Hamurabi (#223)

On Tue, Nov 3, 2009 at 1:48 PM, Benoit D. [email protected]
wrote:

So here is my pastie:
http://pastie.textmate.org/681199

Still bugged, because I couldn’t understand so much the part with planting
seeds. (and why using the variable dead at that moment?)

he reused some of the variables for two separate things. the seed
planting bit was “calculate a random yield per acre, and see how many
bushels you got after planting so many bushels”.

martin

Cool. Caveat for the non-bleed users: ruby1.9 required (1.8.6 here).
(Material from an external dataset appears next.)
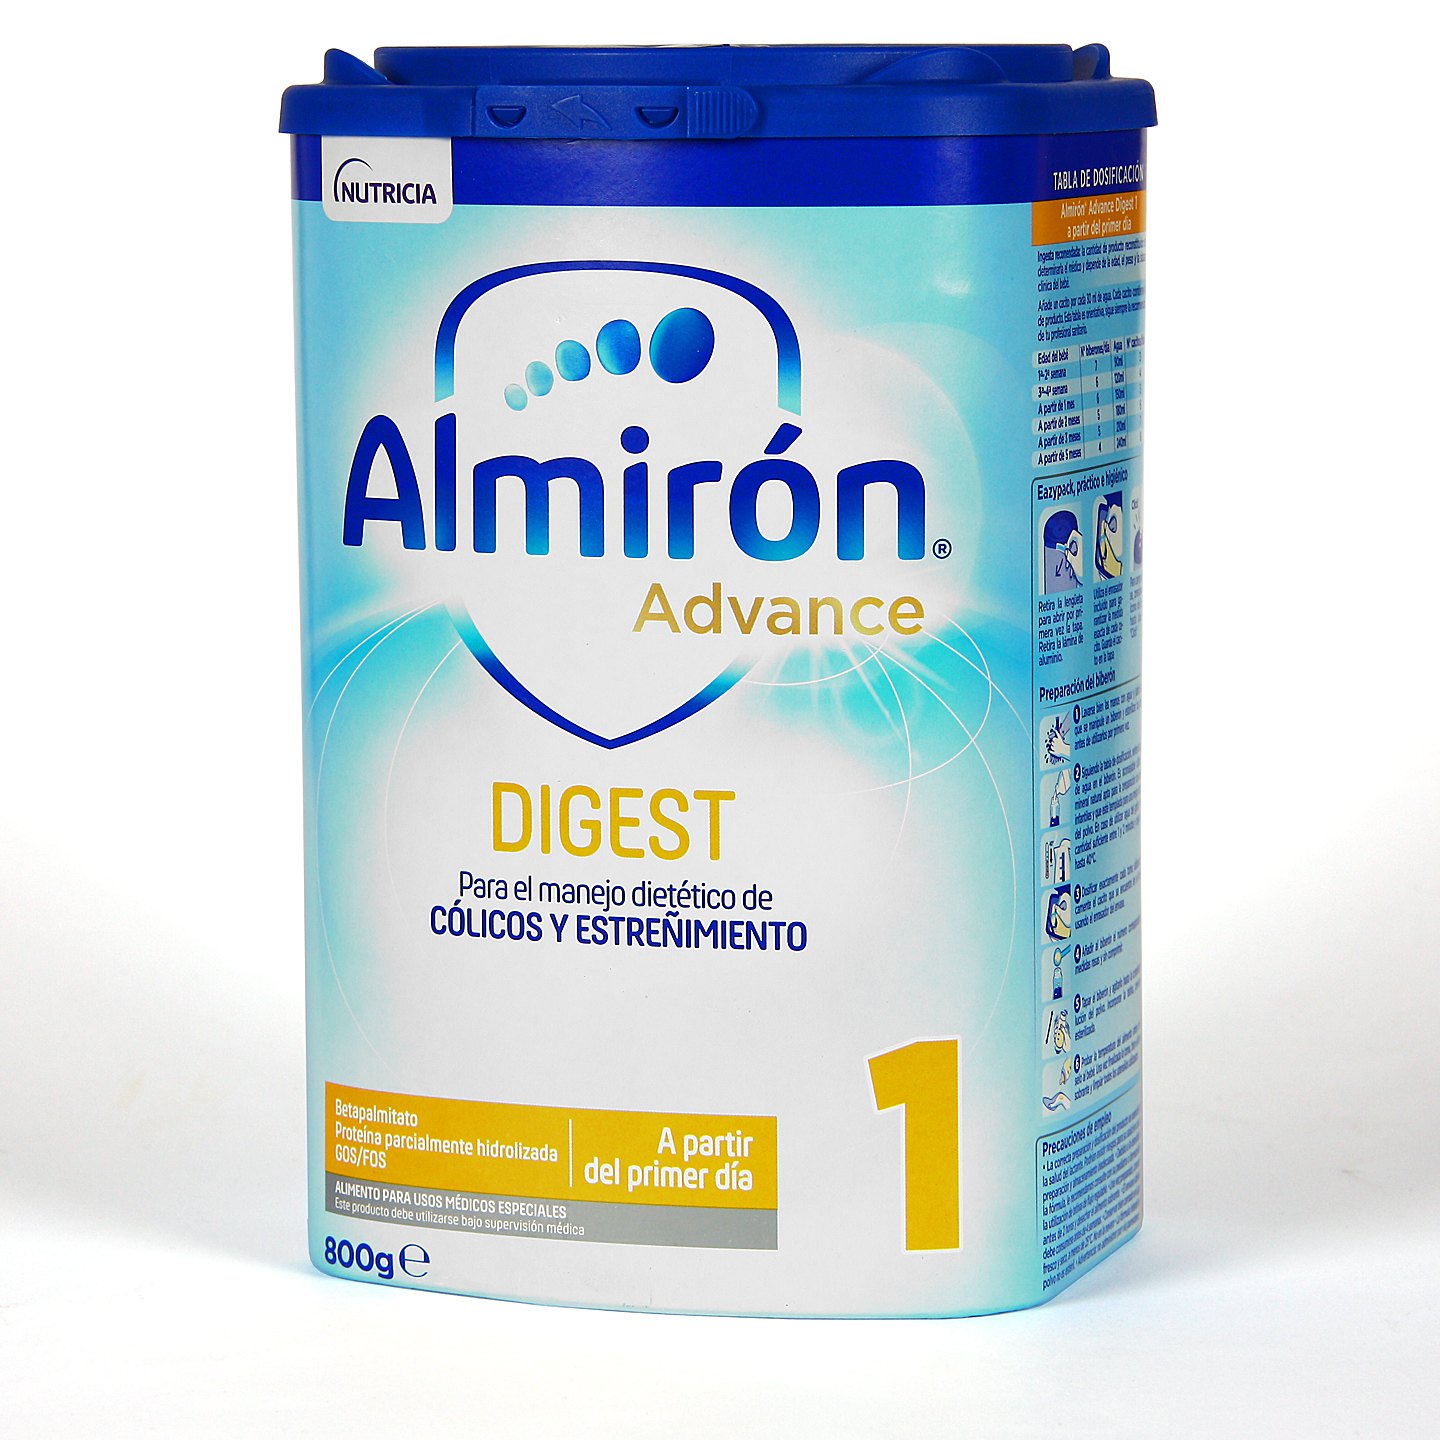 https://farmaciajimenez.com/storage/products/almiron-advance-digest-1-800-g/almiron-advance-digest-1-800-gr-1440.jpg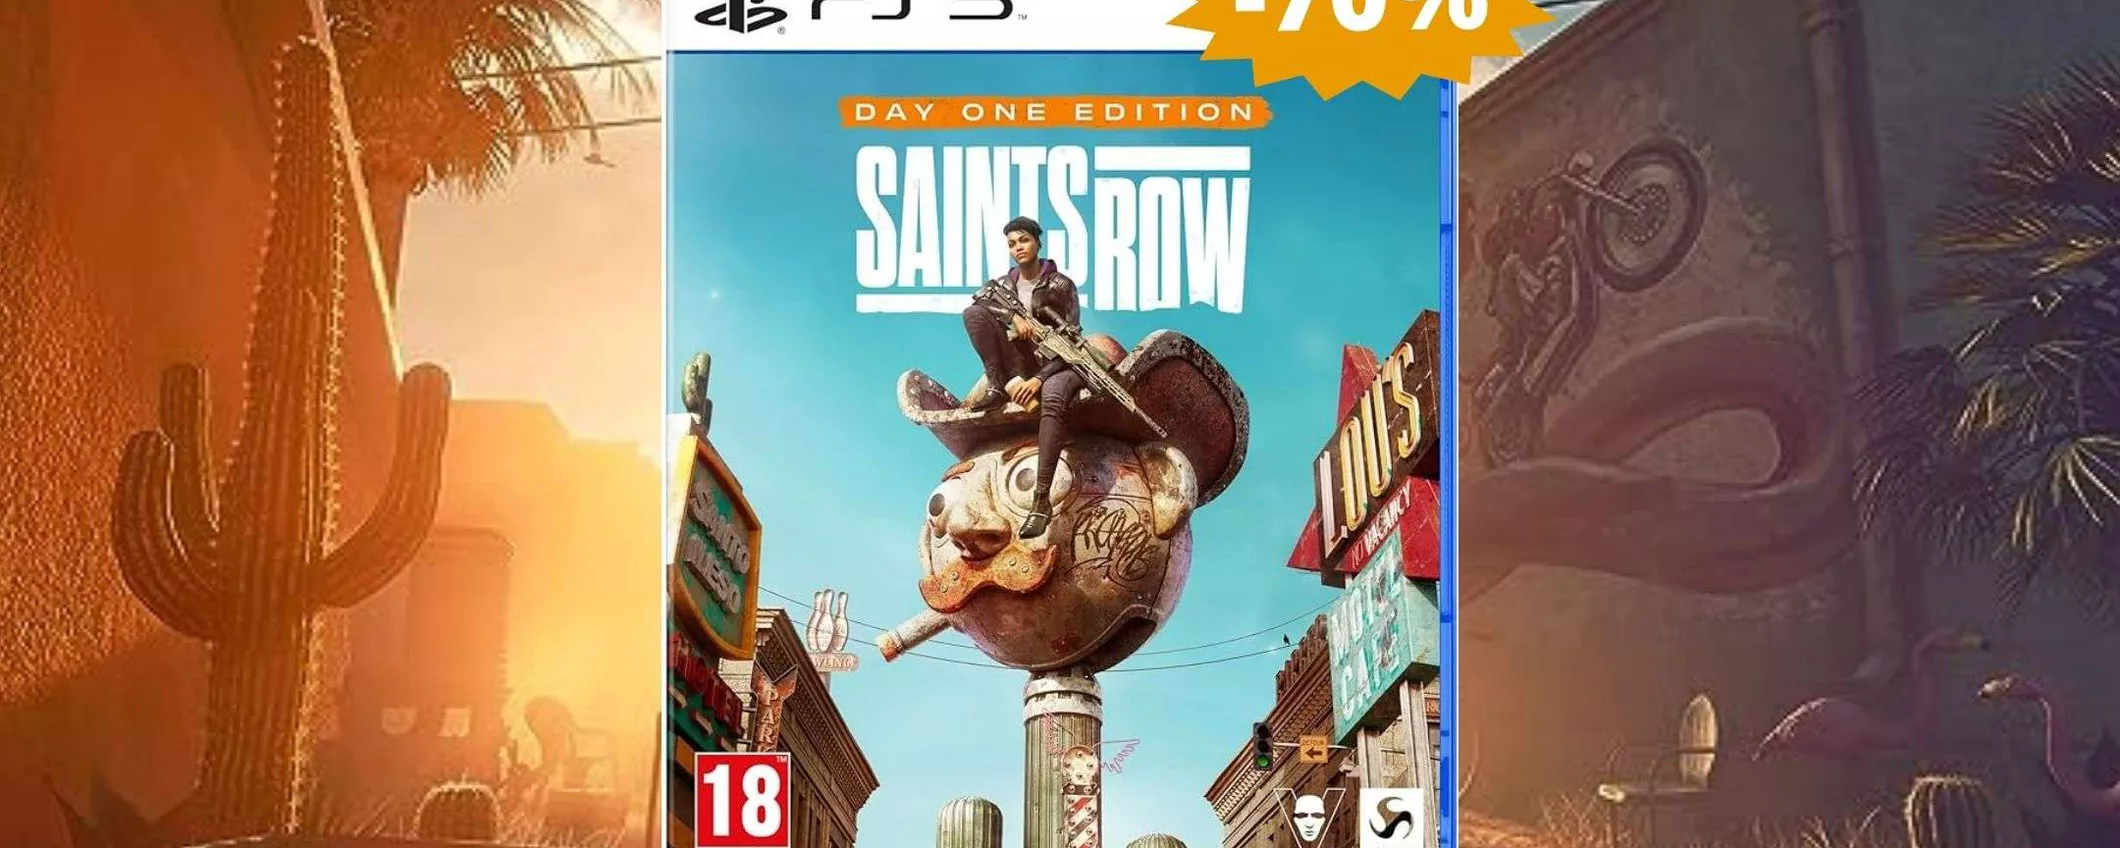 Saints Row per PS5: affare IMPERDIBILE su Amazon (-70%)

I must admit, I didn’t even try to understand certain design decisions.
I
basically followed flow and then cleaned up the code a little later. I
believe the for loop was to play the system alert seven times (ASCII
char
7). I think. Sound effects on a PDP-8 terminal. :slight_smile:

There were many great solutions to this week’s quiz. Most of the
solutions took the route of translating the BASIC code into Ruby
though James Edward G. III actually built a BASIC interpreter.

James uses regex based parsing and makes use of StringScanner1,
which provides for lexical scanning operations on a String. BASIC is
pretty amenable to parsing with regex because of it’s simple syntax.
I’m not familiar enough with BASIC to know if a grammar would be
required to provide a full implementation, but it may add simplicity
in some situations of complex expressions. I ran into some glitches
with my grain count getting extremely large and plagues happening
every turn, but overall this was definitely the most adventurous
attempt.

Benoit D.'s solution translated the original statement sections
into Ruby methods. Each of these methods ended with a call to another
method as the last expression in the method. This is to simulate
either an implicit fallthrough or an explicit goto to another logical
section of the code.

genericpenguin gives us another translation, though with a little bit
more of the control flow abstracted into the run_iteration method.

Martin DeMello has the most Rubyish translation. Each logical section
was translated into a method and the overall program flow was
controlled by a main loop. The main loop can easily be extended to
have the game run for a 20 year term, or even thousands (maybe even
rivalling Civilization).

It is interesting to look back on these older computer games and the
spectrum of complexity and see how even simple games can provide so
much enjoyment. And to also note how even simple games can be tricky
to implement. Speaking of tricky, there was some lively discussion
about a multiplayer version. Some possible game mechanics include: a
free market for buying and selling land, migrant populations, and the
tradeoffs of public healthcare. Maybe even a cap and trade system for
carbon emissions, who knows?

In playing many of these solutions I was doing pretty well, up until
the point where everyone died. This quiz was a lot of fun, special
thanks go to Martin DeMello2 who suggested3 it. Thank you everyone
for the great solutions and discussion!